BatchRunner - using a collection of BackgroundWorker instances for fun

BackgroundWorker is a new class in the .NET 2.0 framework - it's purpose in life is to make it much easier for developers to do background operations by providing an event-driven model.  It also uses the thread synchronization contexts so it's ShowProgress and RunWorkerCompleted events get marshaled back to the necessary thread (for WinForms, the UI thread).  This takes the burden off the developer for checking InvokeRequired and potentially needing to Invoke their logic over to the UI thread manually.  It's a huge timesaver and helps developers focus a lot less on plumbing (especially plumbing that's easy to get wrong, multi-threading bugs are always notorious for difficulty) and more on their code.  In turn, this should help make WinForms UI's better for end users as developers have a much lower barrier to doing background processing of long-running tasks.  A few good articles related to BackgroundWorker:

  1. Safe, Even Simpler Multithreading in Windows Forms 2.0
  2. Safe multi-threading using BackgroundWorker
  3. Using the Google Web Service (uses BackgroundWorker)

Ok, enough of the cheerleading :)  So, the one thing you'll notice about these articles is that they focus on doing background operations from UI's - that's great, but the BCL team was wise enough to put BackgroundWorker in the System.ComponentModel namespace - they know the usefulness of this class is not limited to just UI operations.

So, one of the tools I use a good bit (usually for quickly checking some response headers) is wget - nice and simple, and works well.  I wanted to do something similar as a C# app but I wanted to do the fetches in parallel.  Since I really like the event-based model of BackgroundWorker, I decided to go with that approach.  However, BackgroundWorker is specific to a single running job - once that job is done you can use the same BackgroundWorker for another job, but it can't do N at the same time.  Hence, I needed to make my own interface that wrapped a collection of BackgroundWorker instances.  I didn't need to make a new class for this, but since the desire to do a batch of N things with a given parallelism seems like something that's pretty unrelated to any particular problem domain, it seemed like it would be a useful class to make.

First, there's some design decisions to make.  Specifically, using BackgroundWorker, your time flow is generally: 1) start the job (do work handler runs) 2) report progress as your job is chugging along 3) completed handler runs.  Since I want to make an interface that's very simple, I decide to dump the "report progress" part for now.  It would be pretty straightforward to add him back in, but the conceptual interface I want is more "here, I have this stack of 200 things to do - run them with a parallelism of 8 and let me know when they're done".  If we're a command-line console application, then reporting progress with parallel jobs running probably doesn't make a whole lot of sense anyway.
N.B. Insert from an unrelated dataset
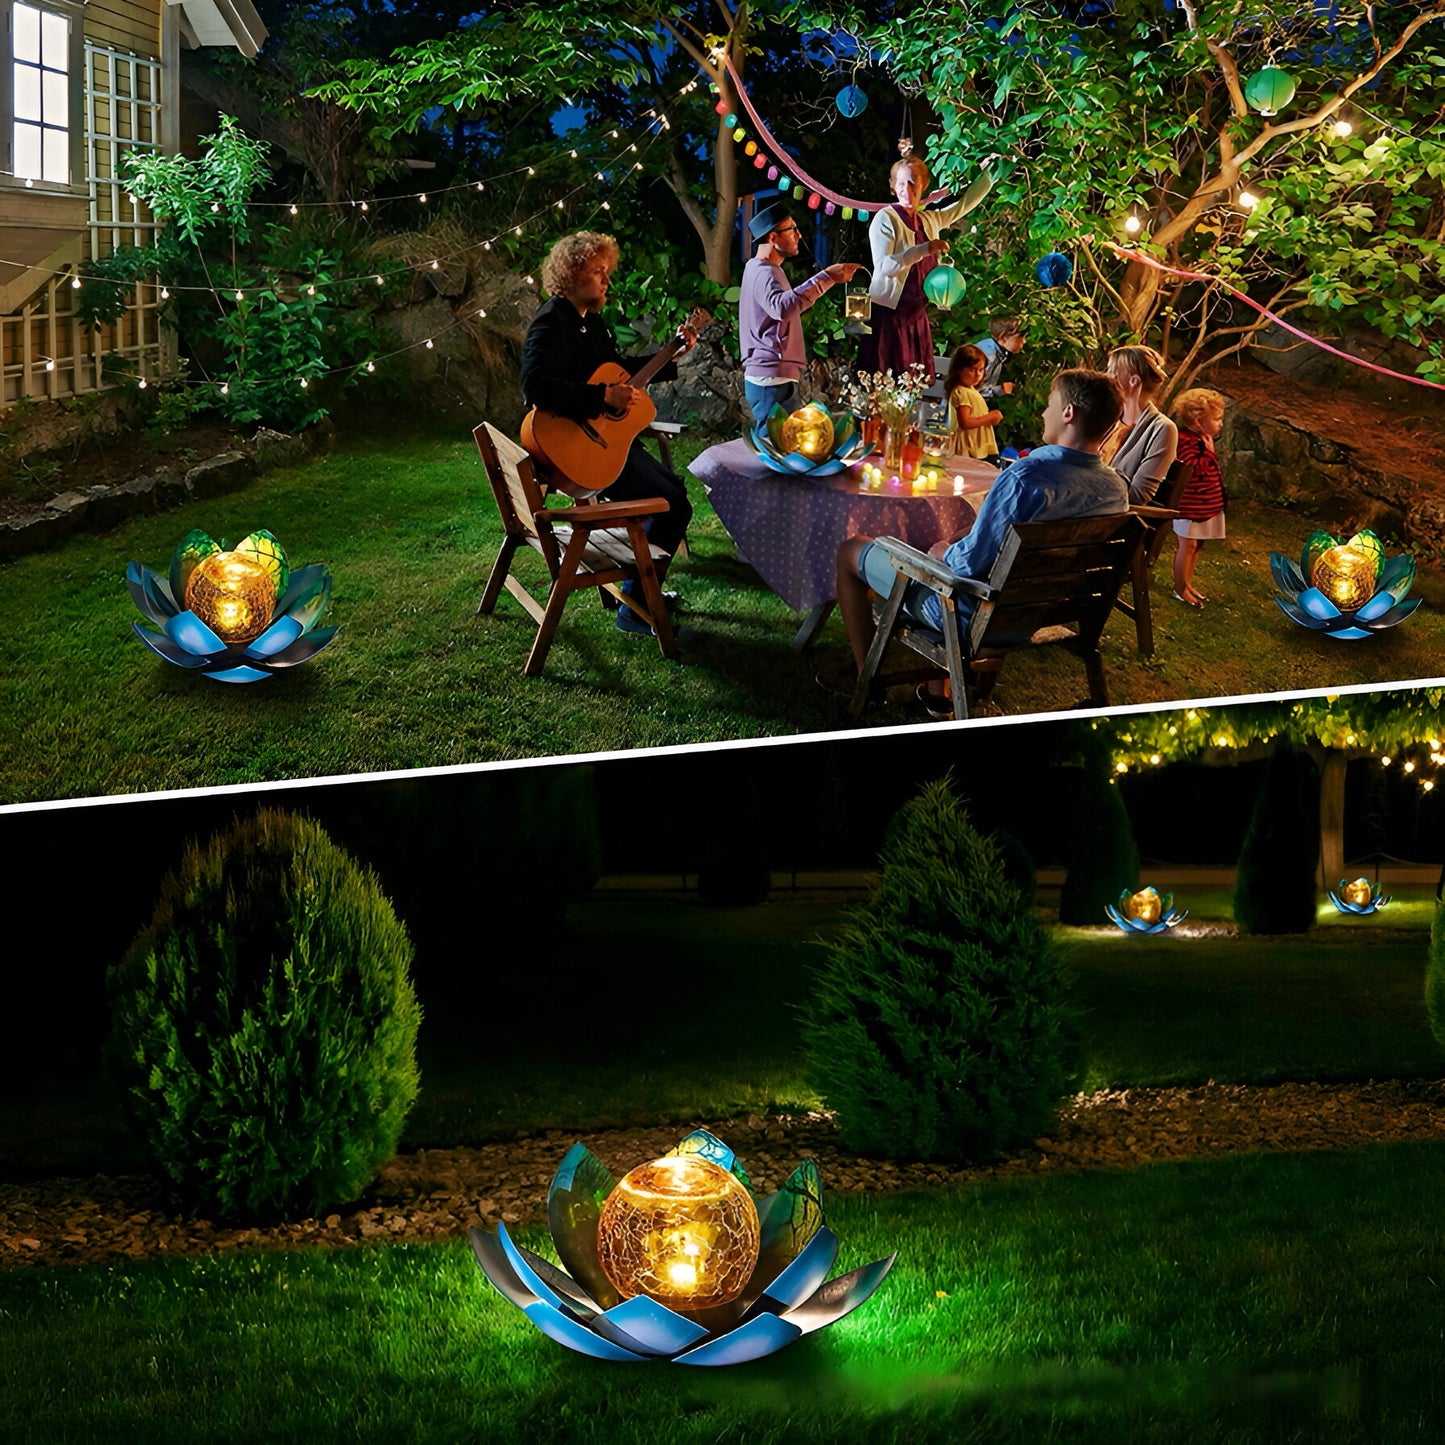 Solar Outdoor Simulation Lotus Lamp, 11.02 x 11.02 x 4.72 Inches, Lawn Decor Landscape Light, Suitable for Garden, Balcony, Yard Decoration, Waterproof, Energy-saving and Bright
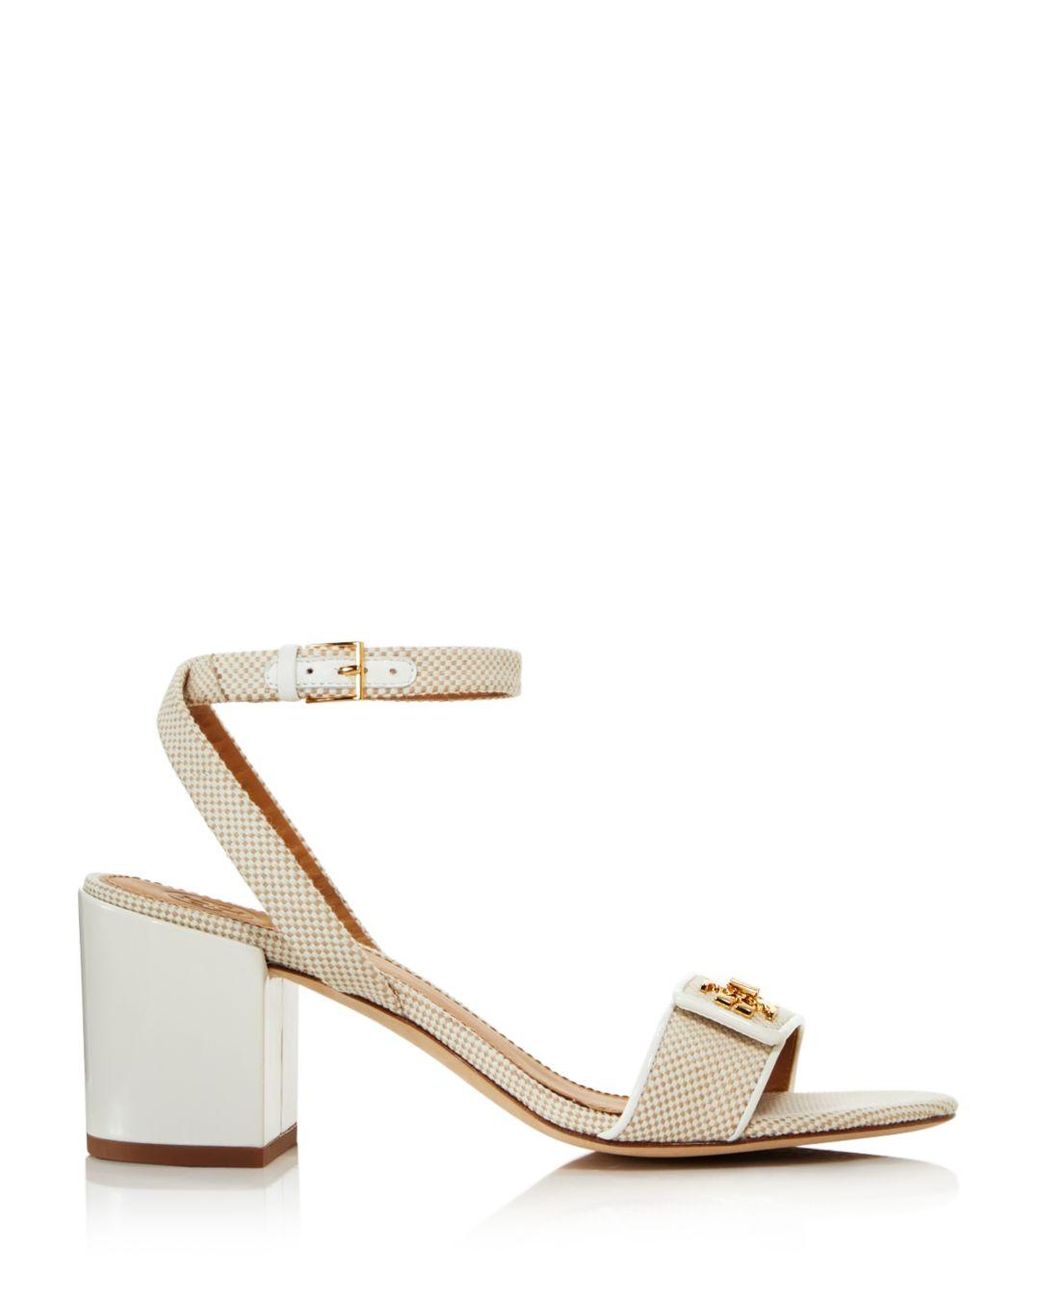 Tory Burch Kira Canvas And Leather Sandals in Natural | Lyst

Next decision - how related will the jobs be in an instance of this class?  Do we want to handle 200 jobs with varying do-work and worker-completed handlers or keep it simple and make them all the same?  Ok, that's a push-poll phrasing of the question, but yes, to help keep the bar low for usage, I'll keep them all the same.

To make further discussion of the class easier, I'll just refer to the class as BatchRunner since that's what I currently picked for calling it (not terribly exciting, I admit).

As with any kind of utility class or object model (and a lot of other kinds of code), I find you get a lot better results (from test-first/TDD, KISS, and YAGNI angles) if you code the consumer of the code before the code itself.  While many of you would say "duh!" it's amazing how many times you have an idea of what it's going to eventually look like and rush to start coding it instead of the consumer first.

BackgroundWorker already lets you pass in an object so the worker has some input data on his work.  That kind of model should stick around, so developers used to BackgroundWorker will feel at home with BatchRunner.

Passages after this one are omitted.